= Federal Treaty =

Document establishing Swiss Confederacy of 1815

The Federal Treaty of 7 August 1815 (readable in PDF).

The Federal Treaty (German: Bundesvertrag, French: Pacte fédéral, Italian: Patto federale) was the legal foundation for the new Swiss Confederacy of 1815. It came about after interventions by the great powers of the Sixth Coalition that defeated Napoleon.

The Federal Treaty defined a confederation between 22 independent Cantons. From 1815 until the Swiss Federal Constitution of 1848, it acted as the Restorationist Constitution of Switzerland.

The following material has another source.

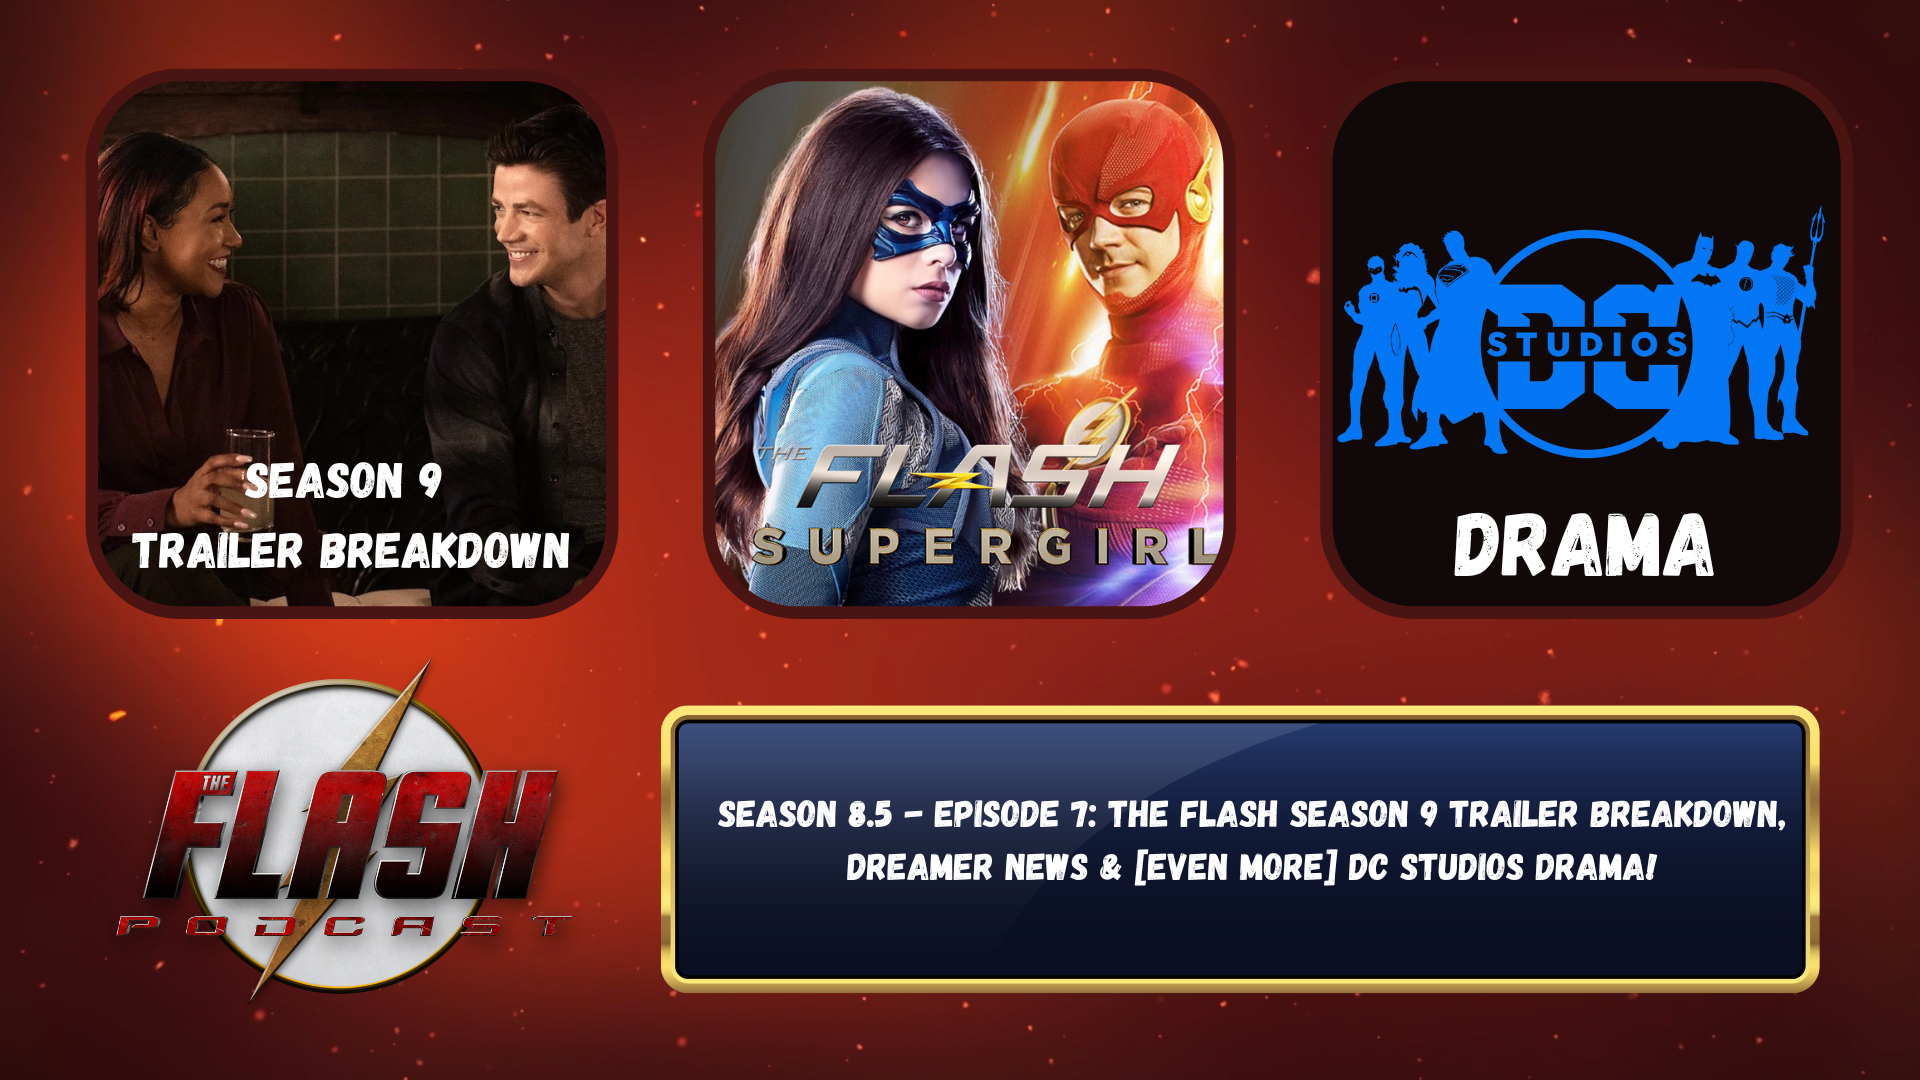 The Flash Podcast Season 8.5 - Episode 7

== Historical development ==
When the anti-French troops marched into Switzerland in 1813, the Act of Mediation imposed by Napoleon in 1803 lost meaning and was repealed by 10 of the 19 cantons, who simultaneously founded the Confederate Convention in Zürich with the goal of establishing a new "Federal Union" (Bundesverein) with the Old Swiss Confederacy in mind. 9 old and 5 new cantons were represented. From February 1814 on, a new constitution was being negotiated to replace the Act of Mediation.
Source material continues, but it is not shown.